• **DATASET EXCERPT**

- Opening Delimiter -

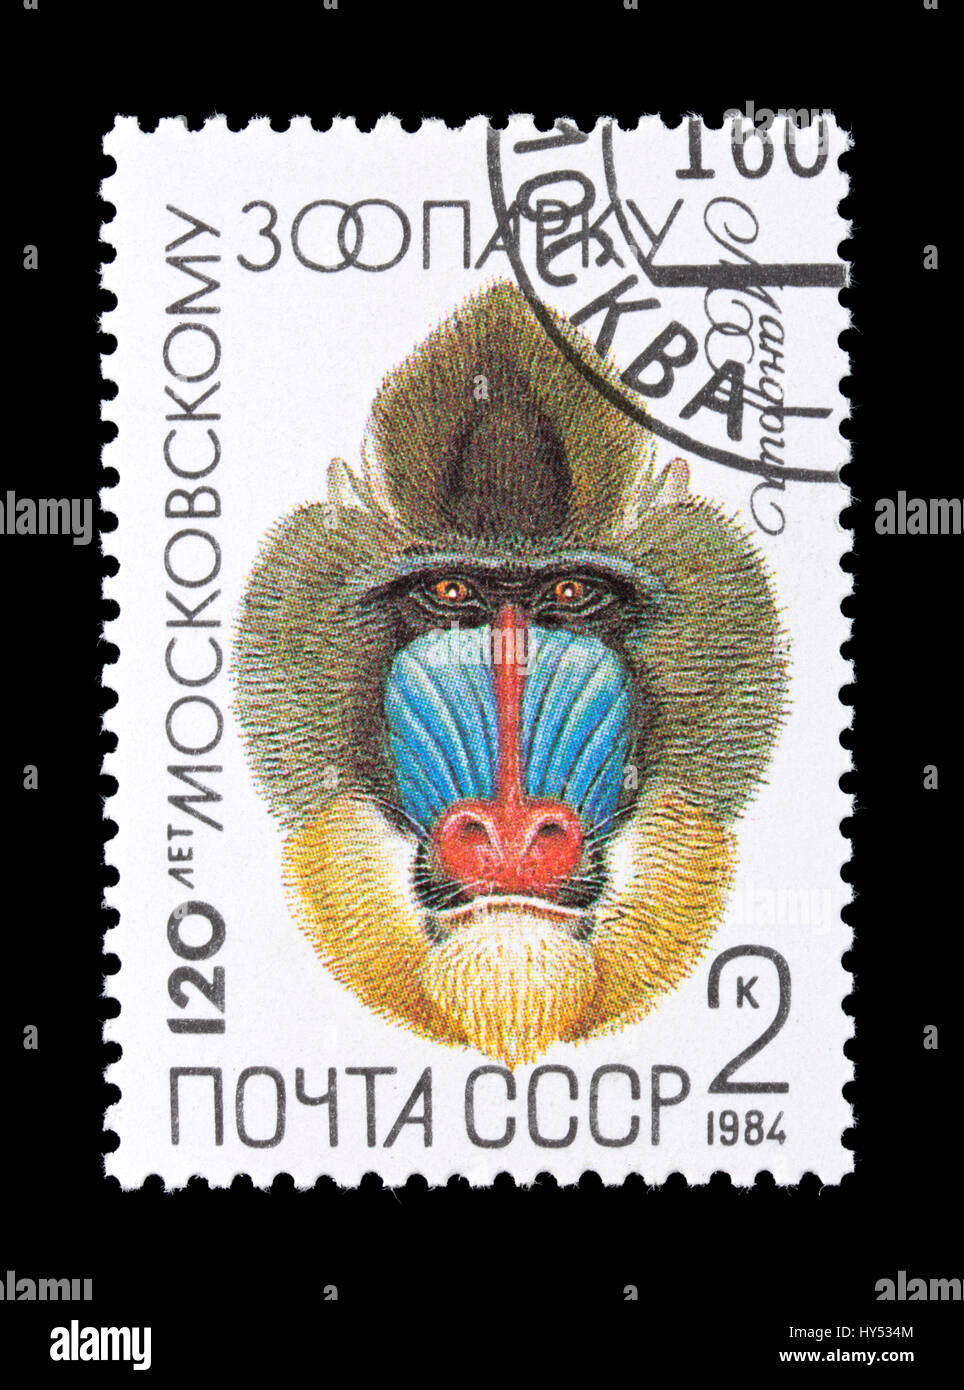 Postage stamp from the Soviet Union depicting a mandrill (Mandrillus sphinx) Stock Photo
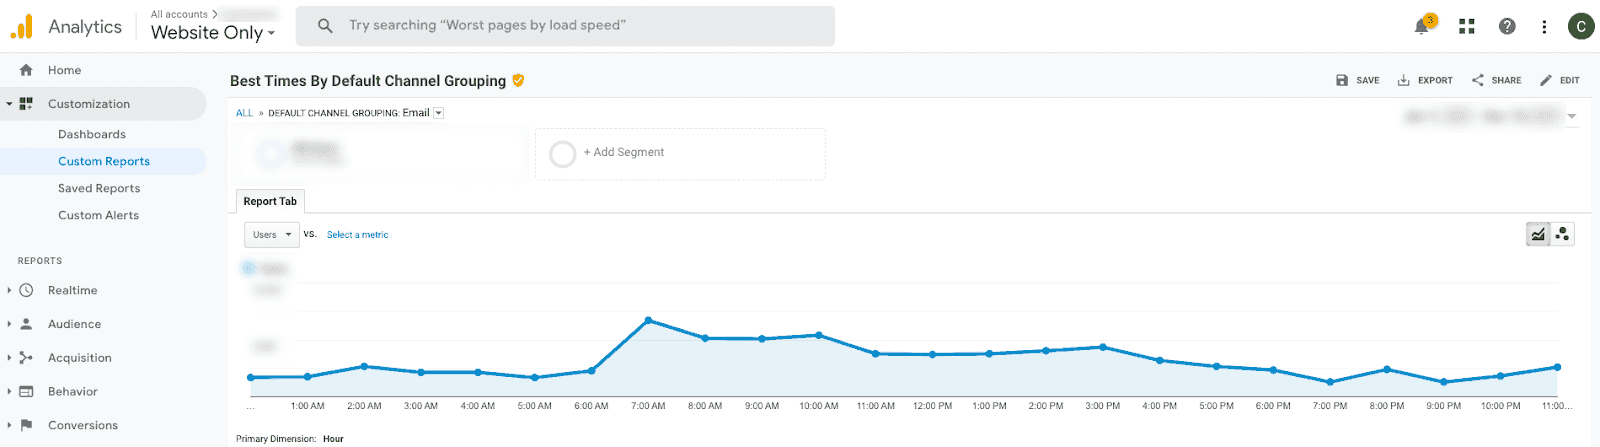 Google Analytics test by default channel grouping results graph 
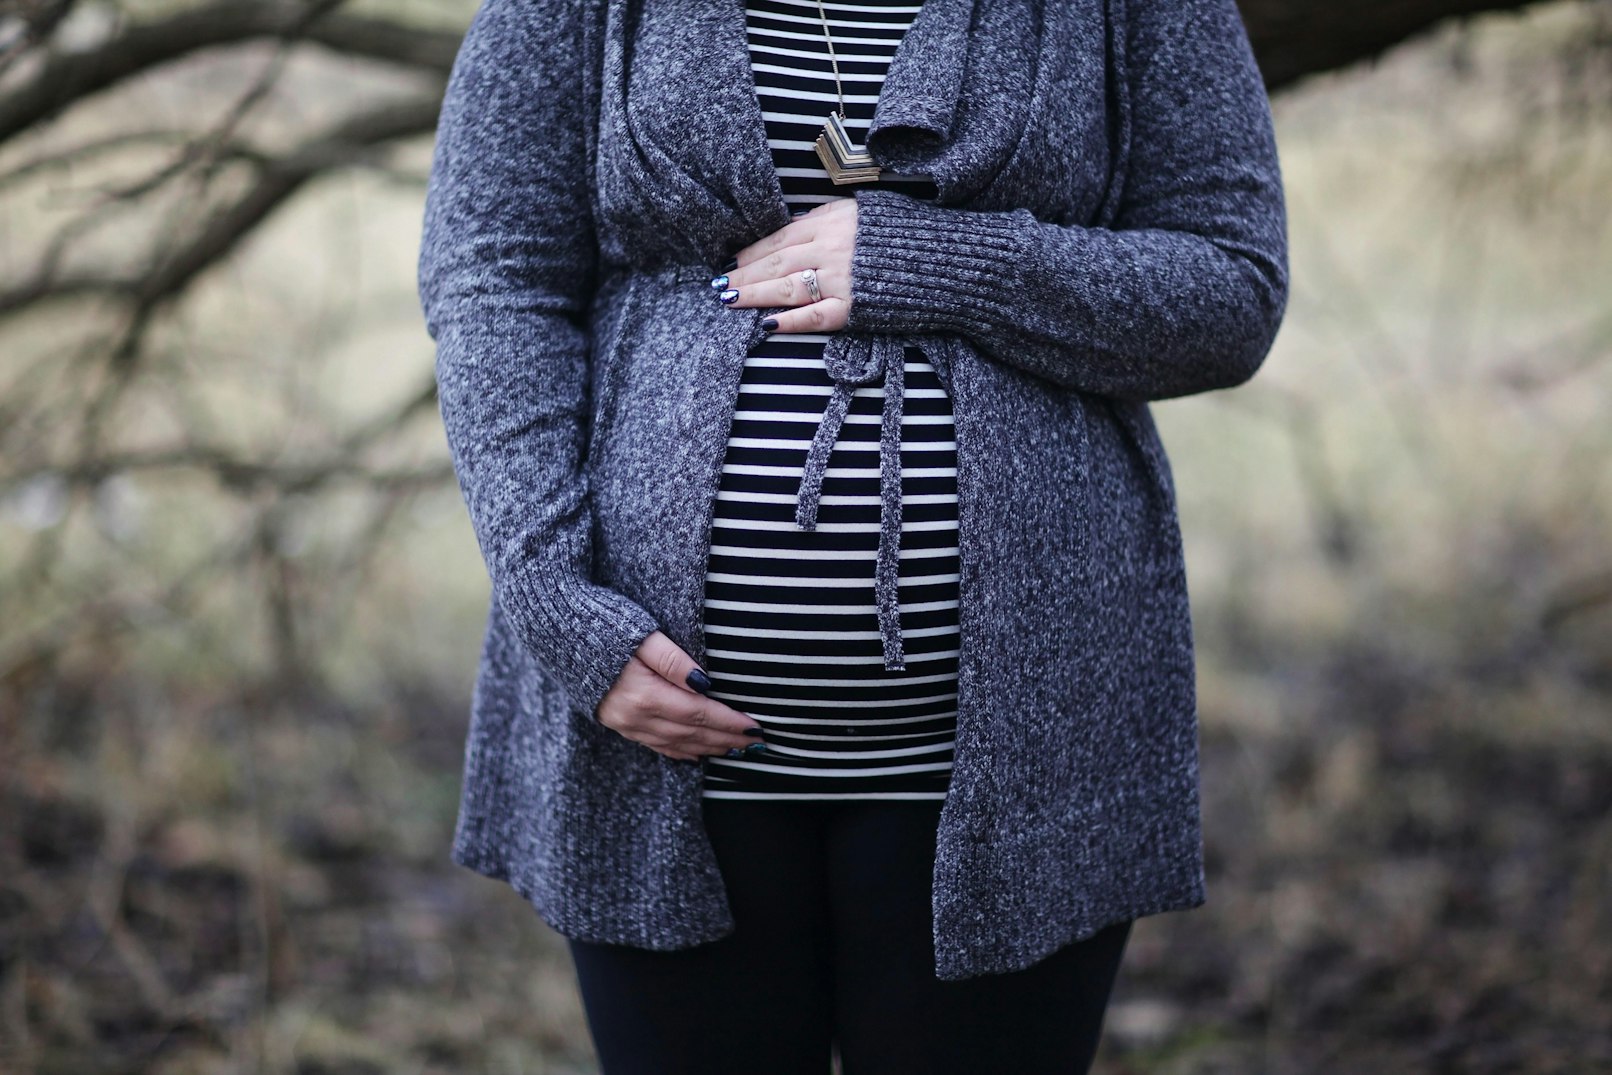 Woman pregnant in black and white striped shirt standing 952597 1

- Closing Delimiter -

• **WHAT YOU WILL DO**
Skip the images and set down the rest of the data unchanged.

• **RESPONSE TO THIS TASK**
 Postage stamp from the Soviet Union depicting a mandrill (Mandrillus sphinx) Stock Photo
 Google Analytics test by default channel grouping results graph 
 Woman pregnant in black and white striped shirt standing 952597 1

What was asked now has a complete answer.